Stranger than truth... It seems the my problem resulted from the OS not being able to find the swap partition(?) I performed the following process successfully:
1 - I transferred the drive partition layout from the original to the new drive using sfdisk (easier than doing it manually)
2 - I transferred the boot sector using dd as described earlier.
3 - I moved the / and /home partitions using g4l (Ghost for Linux) which is basically a menu driven dd process.
4 - I booted the new drive and received the same error re. my /home/ken directory not being available to me.
5 - I booted the live CD and made the following repairs:
- determine the UUID for partitions sda1, sda2, sda3, sda4 using sudo vol_id -u /dev/sda1 etc. and recorded these
mkdir /repair
mount /dev/sda1 /repair
I then examined fstab
sudo gedit /repair/etc/fstab
The UUIDs for sda1 (/) and sda3 (/home) matched as I had in effect copied them with dd.
The UUID for sda2 - the swap partition - did not match so I replaced the value in fstab with the value determined with vol_id -u.

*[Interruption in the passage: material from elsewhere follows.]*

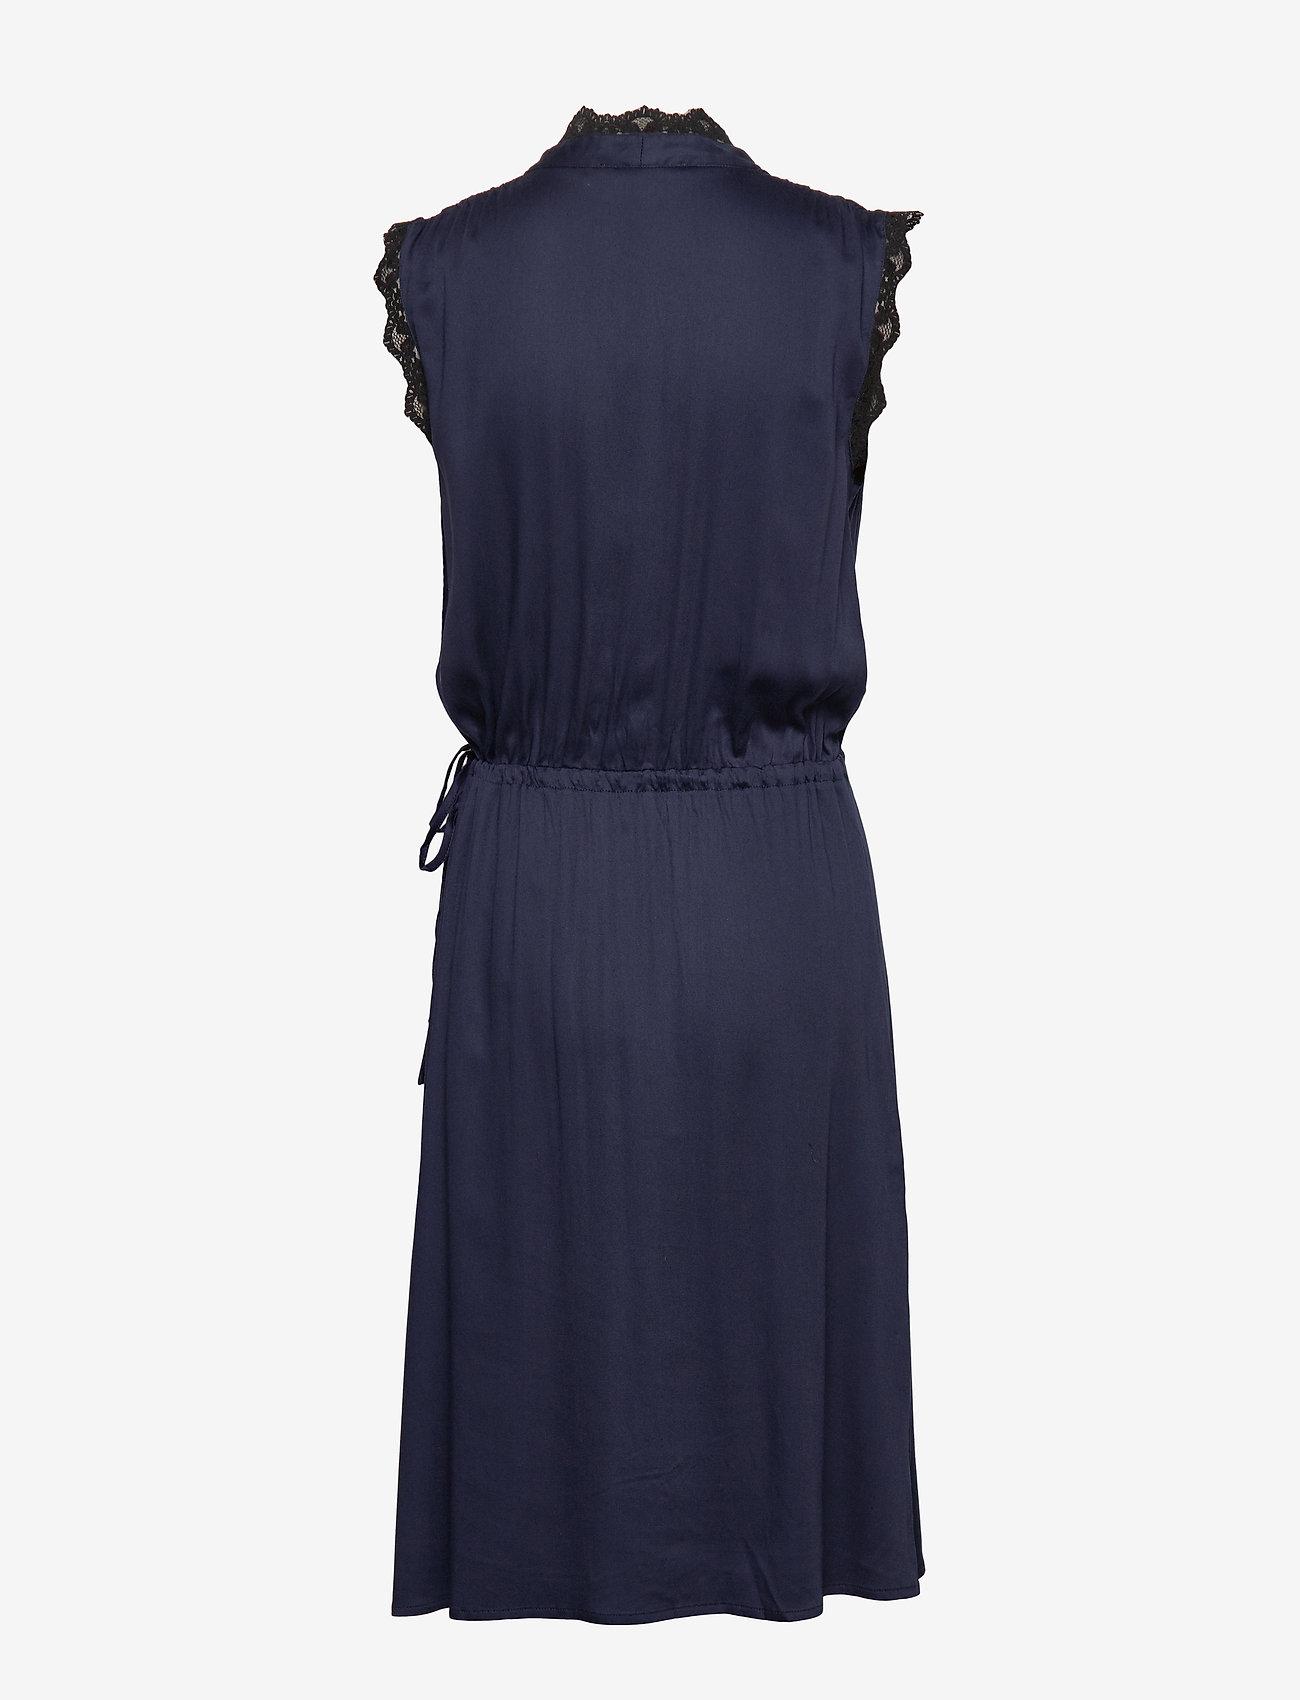 Rosemunde - Dress - robes portefeuille - navy - 1

The UUID for sda4 (/vmworld) also did not match as I had not restored any data to this partition for this test. I updated fstab for this one also while I was at it.
After rebooting to the new hard drive I was good to go. The /vmworld file system was available although I had to change permissions on it so I could copy my virtual box files back. Honestly I do not recall formatting this partition(?) I intentionally did NOT format the other 3 in this test. Perhaps sfdisk also copies the format - I will have to look that up.
So I now have a proven cold iron backup and restore process. Time to do some more experimenting with Ubuntu as I know how to recover from whatever disasters I might create.